▸ Given information:
━━━━

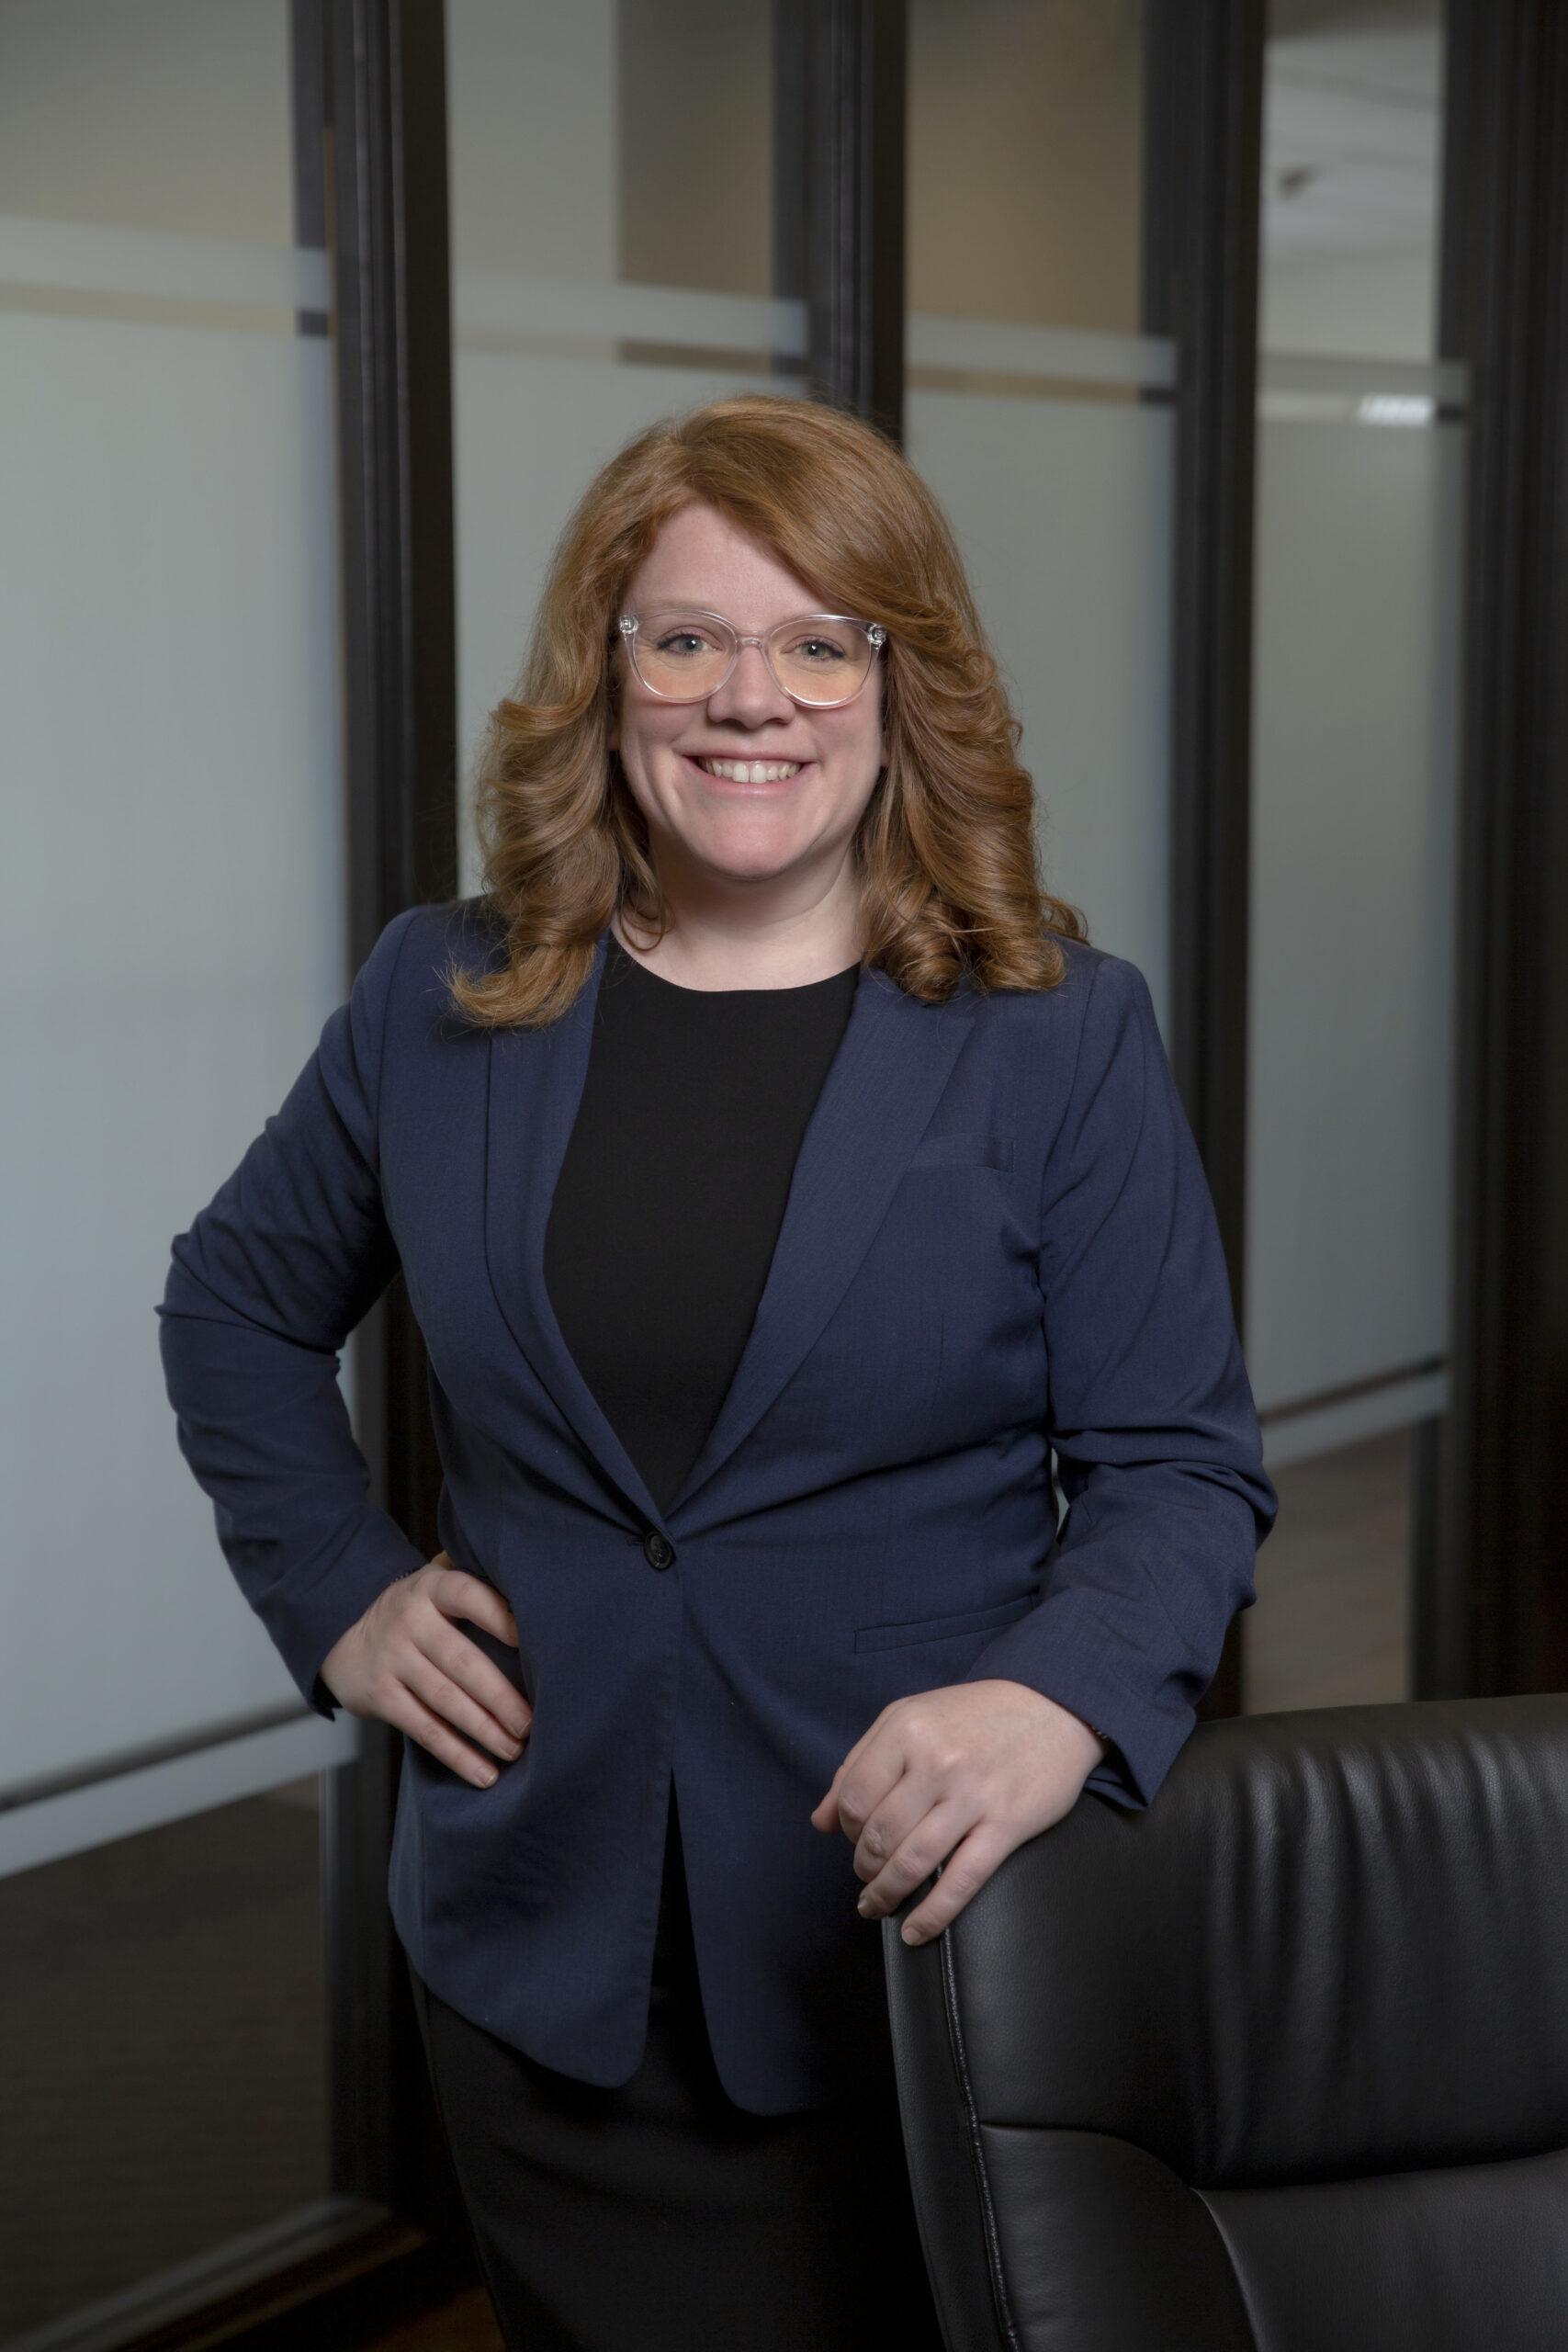 Attorney at Law, Drew Devenport
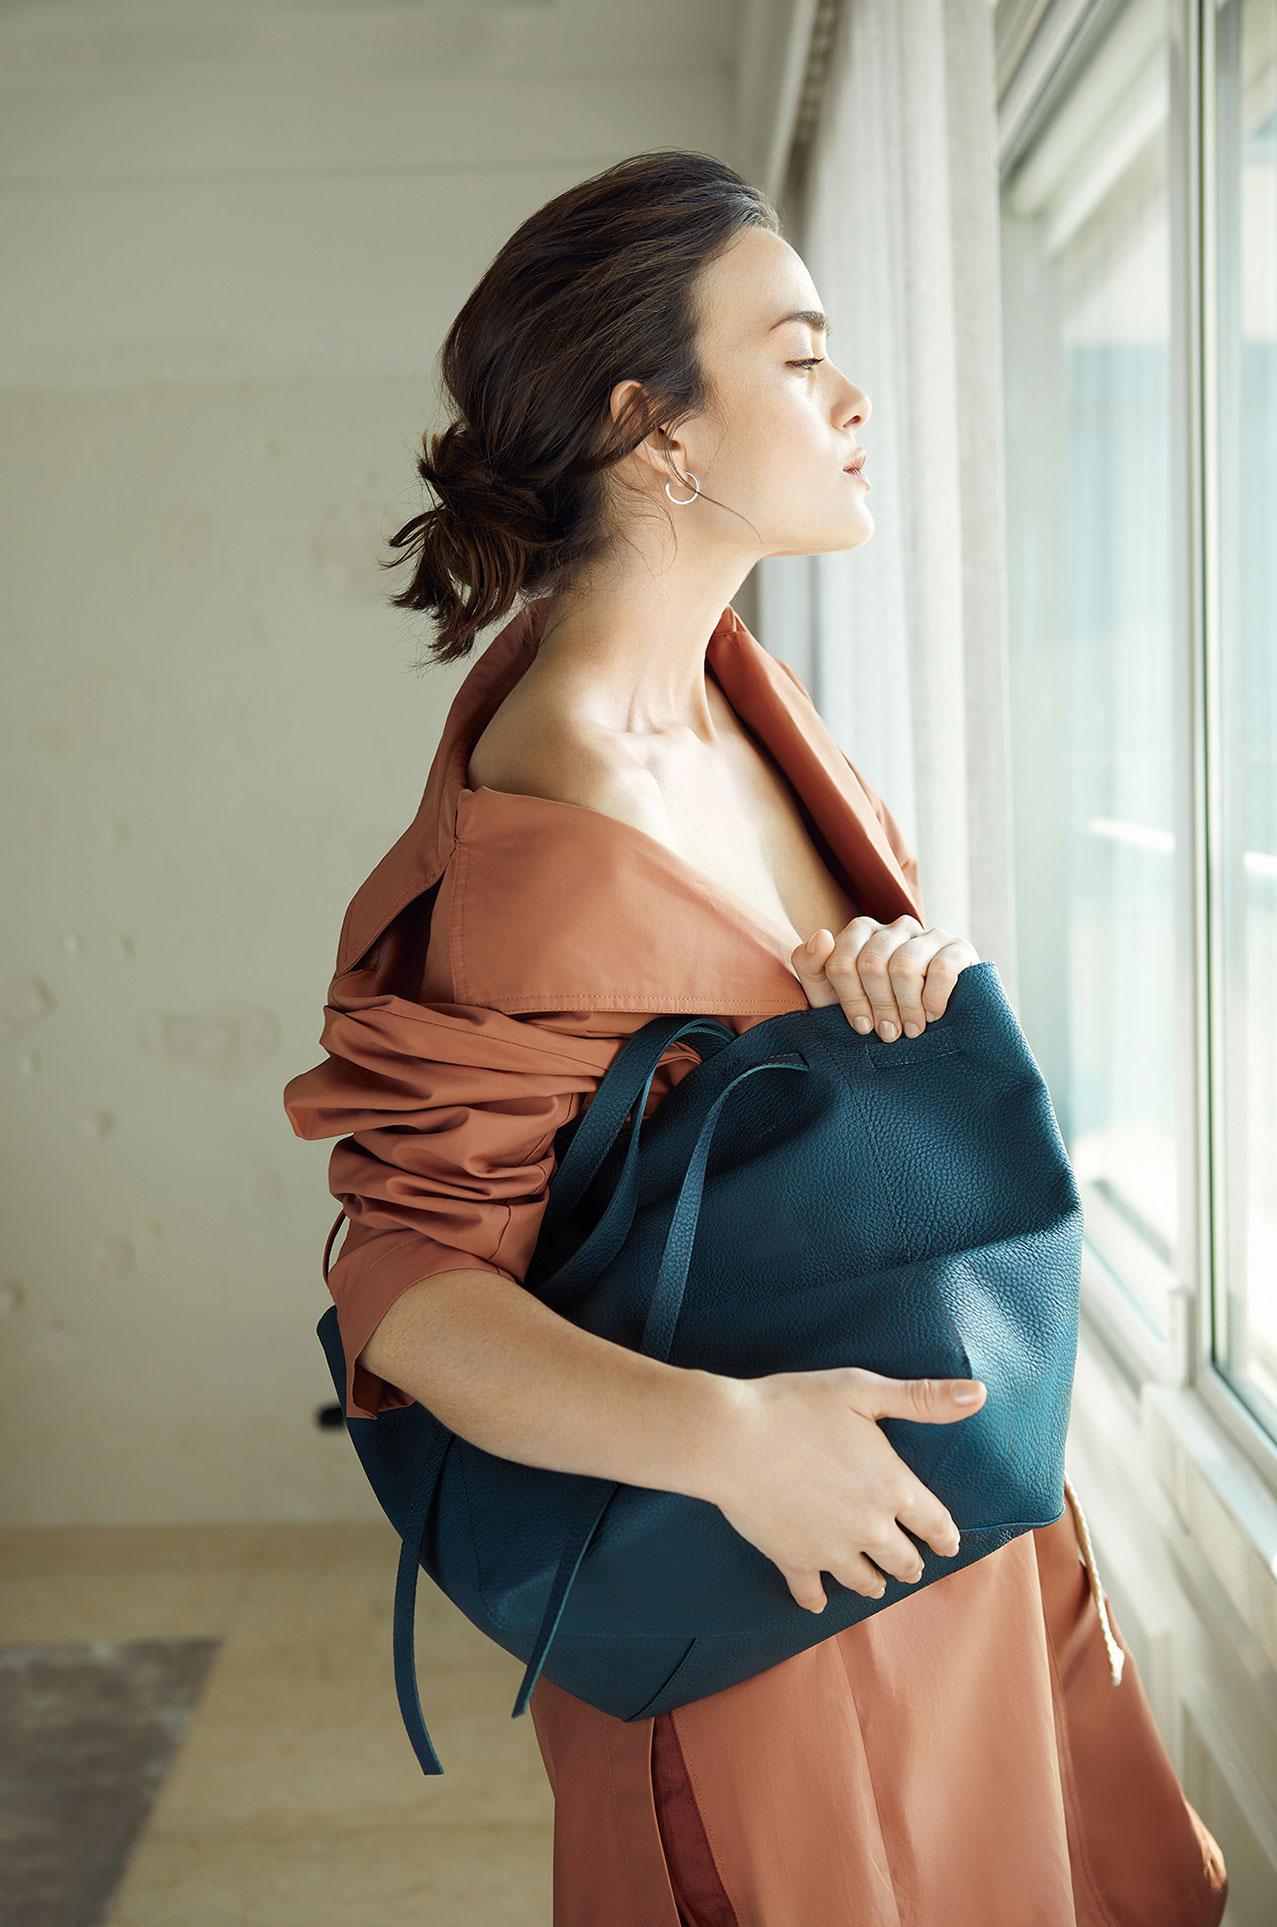 Модная одежда Ginger Buenos Aires, весна-лето 2019 / Florencia Alzieu by Cecilia Romano
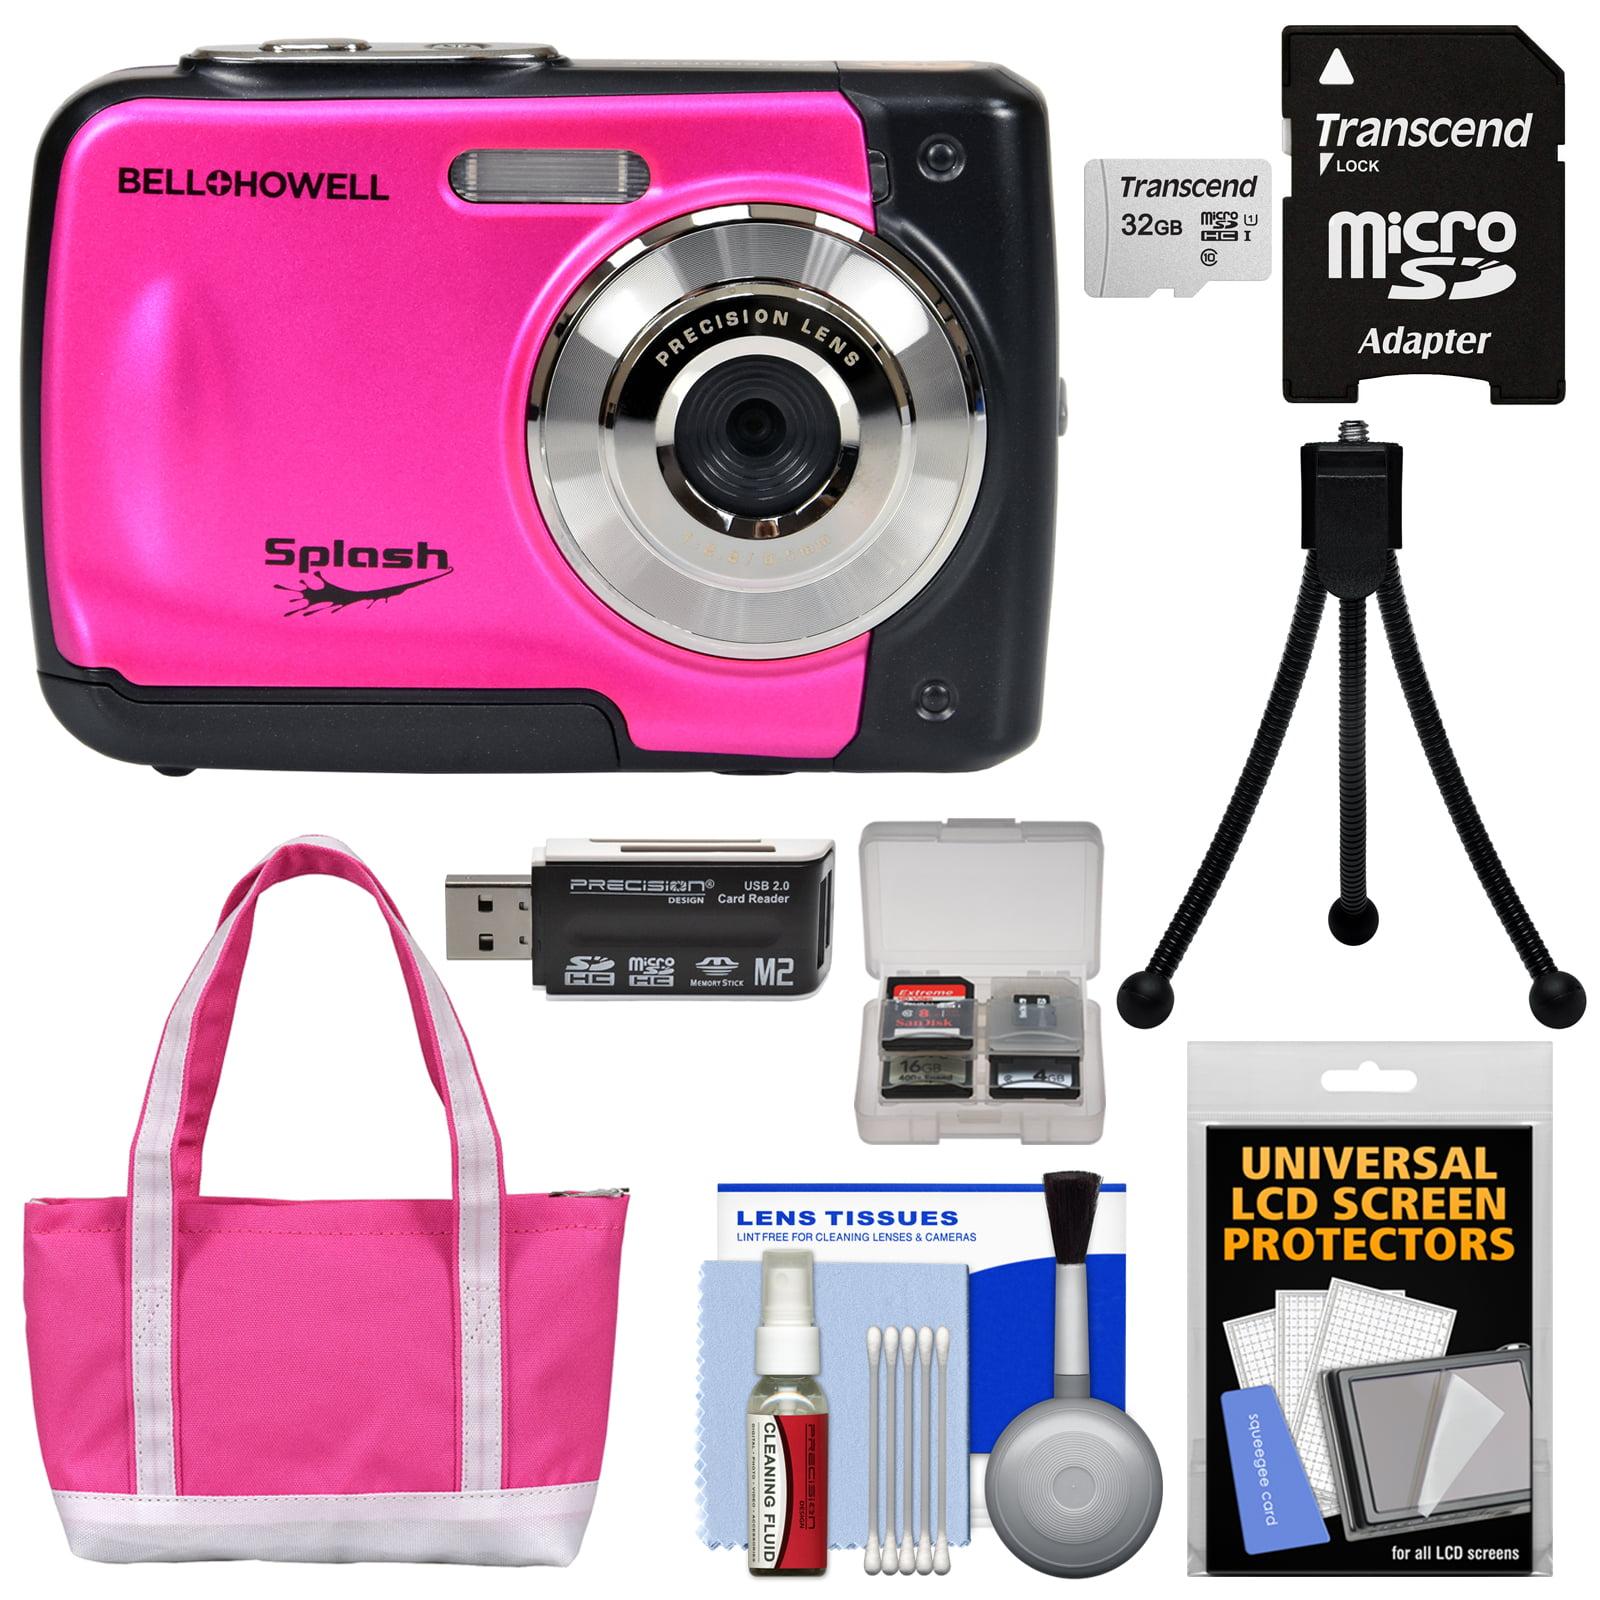 Bell & Howell Splash WP10 Shock & Waterproof Digital Camera (Pink) with 16GB Card + Batteries & Charger + Case + Flex Tripod + Kit

━━━━

▸ Task goal:
Print the material exactly as given, but not the pictures.

▸ Exercise response:
 Attorney at Law, Drew Devenport
 Модная одежда Ginger Buenos Aires, весна-лето 2019 / Florencia Alzieu by Cecilia Romano
 Bell & Howell Splash WP10 Shock & Waterproof Digital Camera (Pink) with 16GB Card + Batteries & Charger + Case + Flex Tripod + Kit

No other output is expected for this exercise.